I have the following code.
import polars as pl
class Summary:
def __init__(self, value: float, origin: str):
self.value = value
self.origin = origin
def __repr__(self) -> str:
return f'Summary({self.value},{self.origin})'
def __mul__(self, x: float | int) -> 'Summary':
return Summary(self.value * x, self.origin)
def __rmul__(self, x: float | int) -> 'Summary':
return self * x
mapping = {
'CASH': Summary( 1, 'E'),
'ITEM': Summary(-9, 'A'),
'CHECK': Summary(46, 'A'),
}
df = pl.DataFrame({'quantity': [7, 4, 10], 'type': mapping.keys(), 'summary': mapping.values()})
The dataframe df
looks as follows.
shape: (3, 3)
┌──────────┬───────┬───────────────┐
│ quantity ┆ type ┆ summary │
│ --- ┆ --- ┆ --- │
│ i64 ┆ str ┆ object │
╞══════════╪═══════╪═══════════════╡
│ 7 ┆ CASH ┆ Summary(1,E) │
│ 4 ┆ ITEM ┆ Summary(-9,A) │
│ 10 ┆ CHECK ┆ Summary(46,A) │
└──────────┴───────┴───────────────┘
Especially, the summary
column contains a Summary
class object, which supports multiplication. Now, I'd like to multiply this column with the quantity
column.
However, the naive approach raises an error.
df.with_columns(pl.col('quantity').mul(pl.col('summary')).alias('qty_summary'))
SchemaError: failed to determine supertype of i64 and object
Is there a way to multiply these columns?
Remember that Polars is designed so that computations run in Rust, not Python, where it's like 1000x faster.

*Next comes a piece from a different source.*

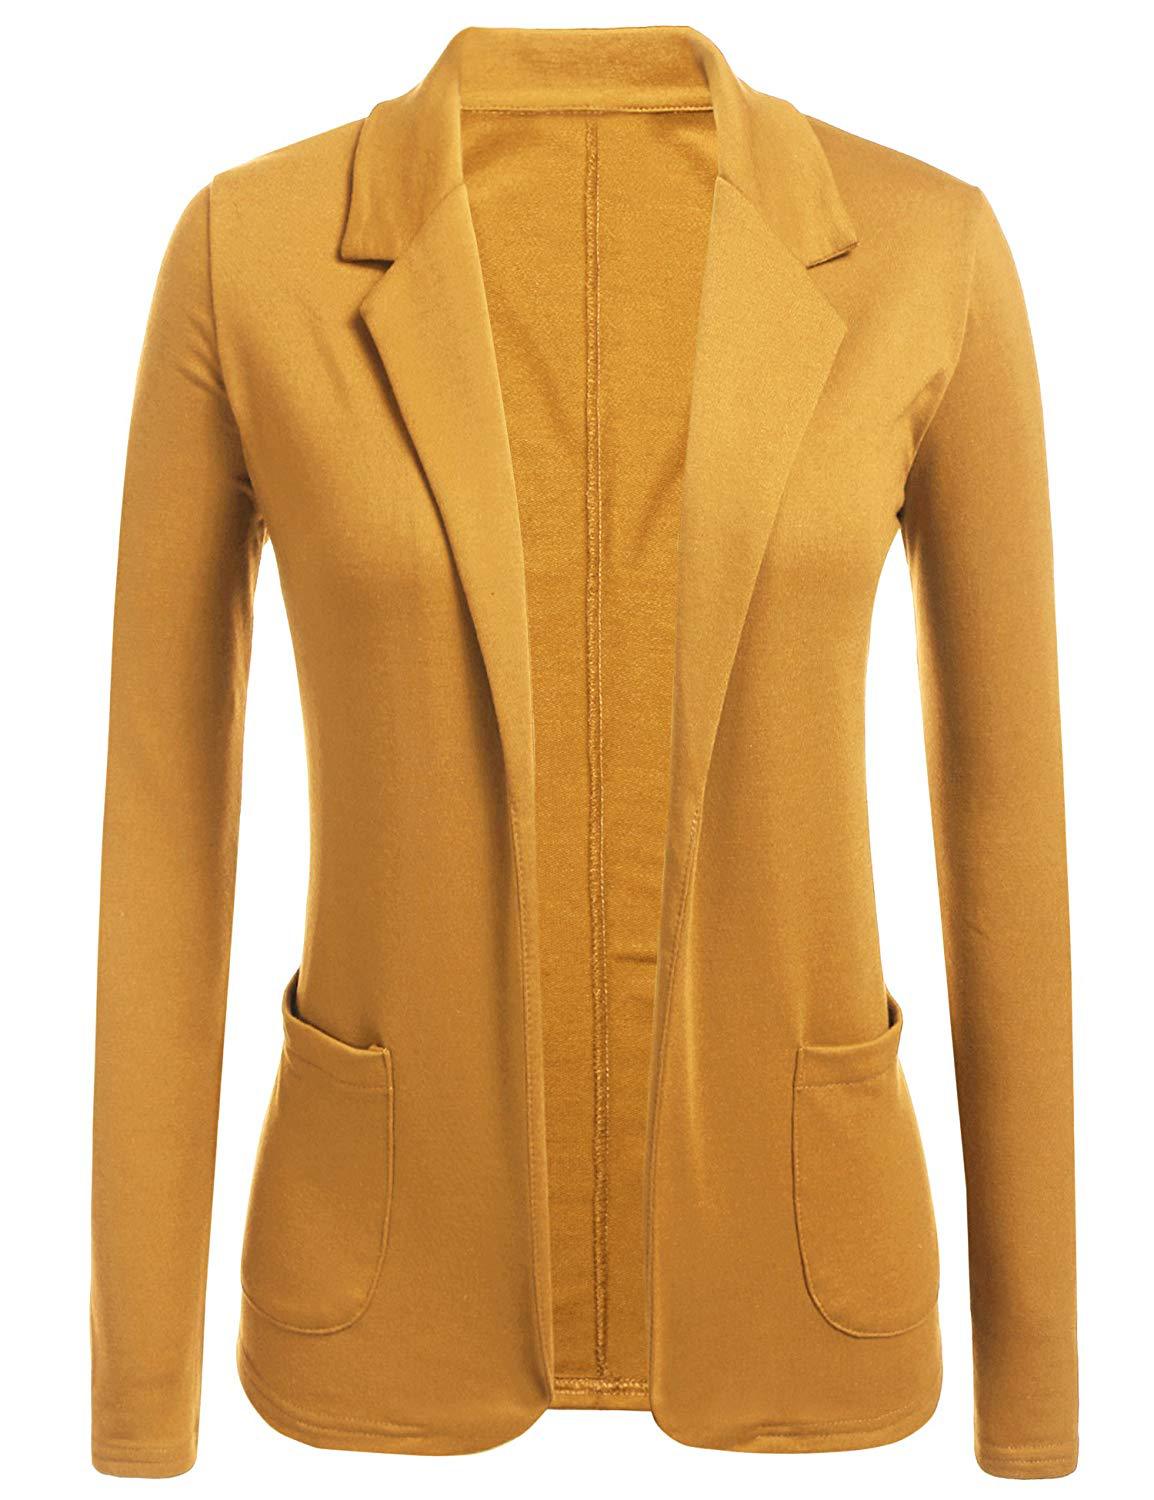 Women Blazer Coat Autumn Casual Long Sleeve Work Office Business Lady Slim Suit Jacket yellow
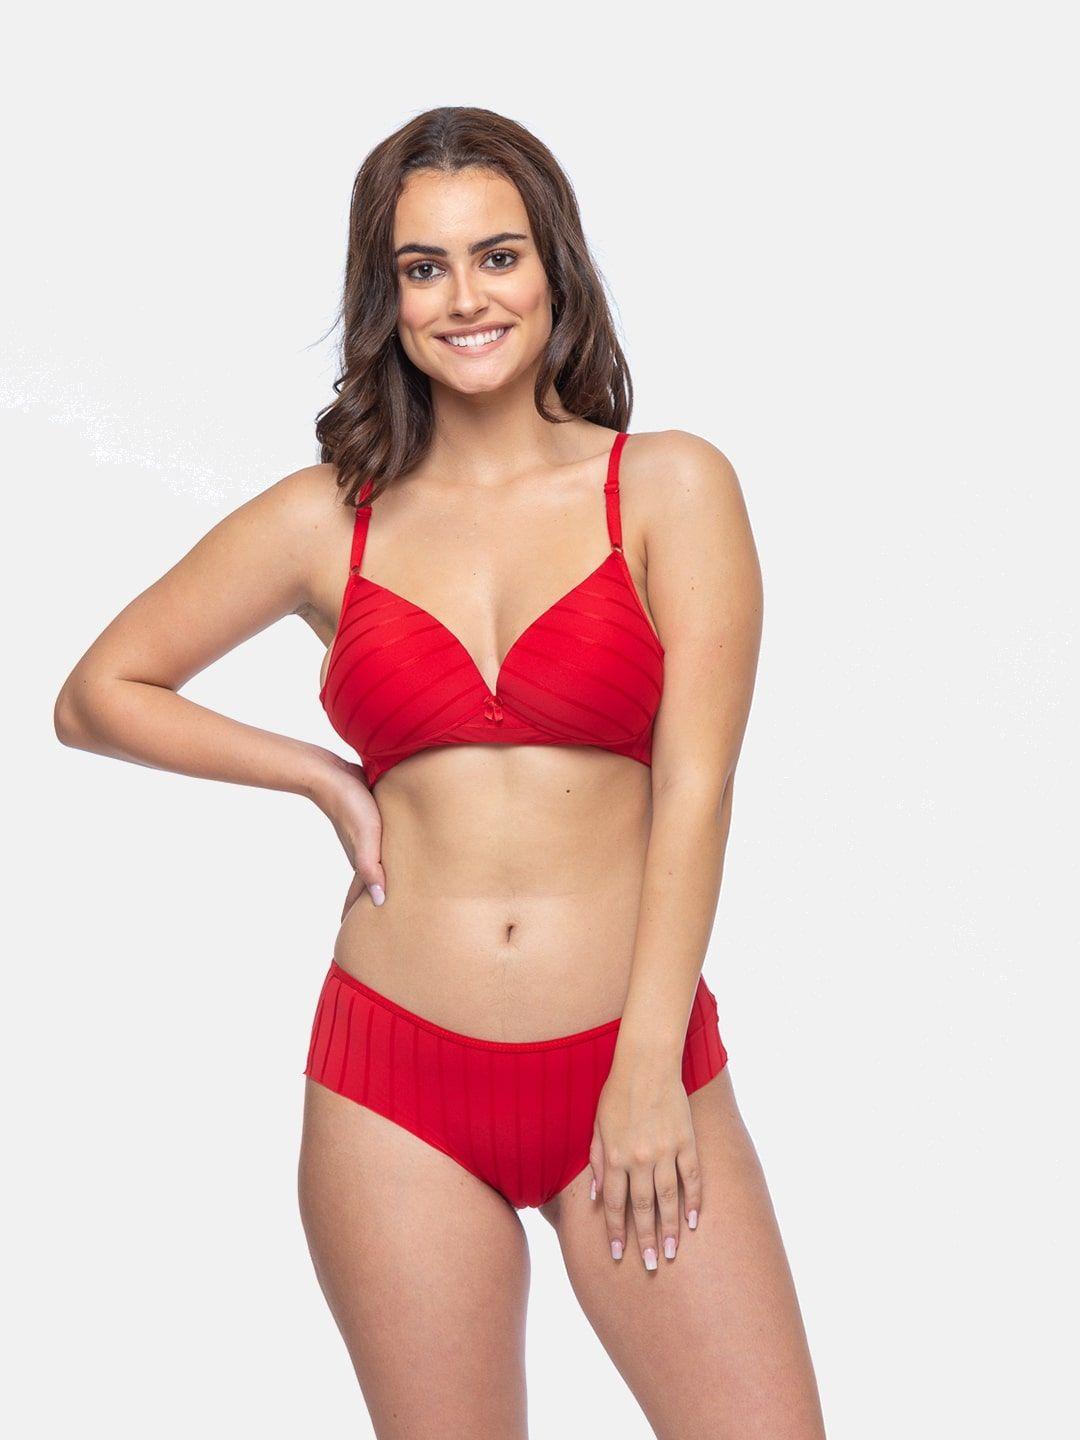 curwish-women-red-striped-bikini-lingerie-set-sbb-01r

If you have Python operations you want to run, you lose a lot of the benefit of using Polars in the first place.
But, thankfully, Polars does have a very nice feature that is relevant here, which is “native” processing of dataclasses
.
import polars as pl
from dataclasses import dataclass
@dataclass
class Summary:
value: float
origin: str
def __mul__(self, x: float | int) -> "Summary":
return Summary(self.value * x, self.origin)
def __rmul__(self, x: float | int) -> "Summary":
return self * x
mapping = {
"CASH": Summary(1, "E"),
"ITEM": Summary(-9, "A"),
"CHECK": Summary(46, "A"),
}
df = pl.DataFrame(
{
"quantity": [7, 4, 10],
"type": mapping.keys(),
"summary": mapping.values(),
}
)
df
Because Summary
is a dataclass
, you 1. don't need __init__
and __repr__
(they come for free), and 2. don't need to do anything special for Polars to struct-ify them.
shape: (3, 3)
┌──────────┬───────┬────────────┐
│ quantity ┆ type ┆ summary │
│ --- ┆ --- ┆ --- │
│ i64 ┆ str ┆ struct[2] │
╞══════════╪═══════╪════════════╡
│ 7 ┆ CASH ┆ {1.0,"E"} │
│ 4 ┆ ITEM ┆ {-9.0,"A"} │
│ 10 ┆ CHECK ┆ {46.0,"A"} │
└──────────┴───────┴────────────┘
Now you can just do regular Polars struct ops:
df.with_columns(
qty_summary=pl.struct(
pl.col("summary").struct.field("value") * pl.col("quantity"),
pl.col("summary").struct.field("origin"),
)
)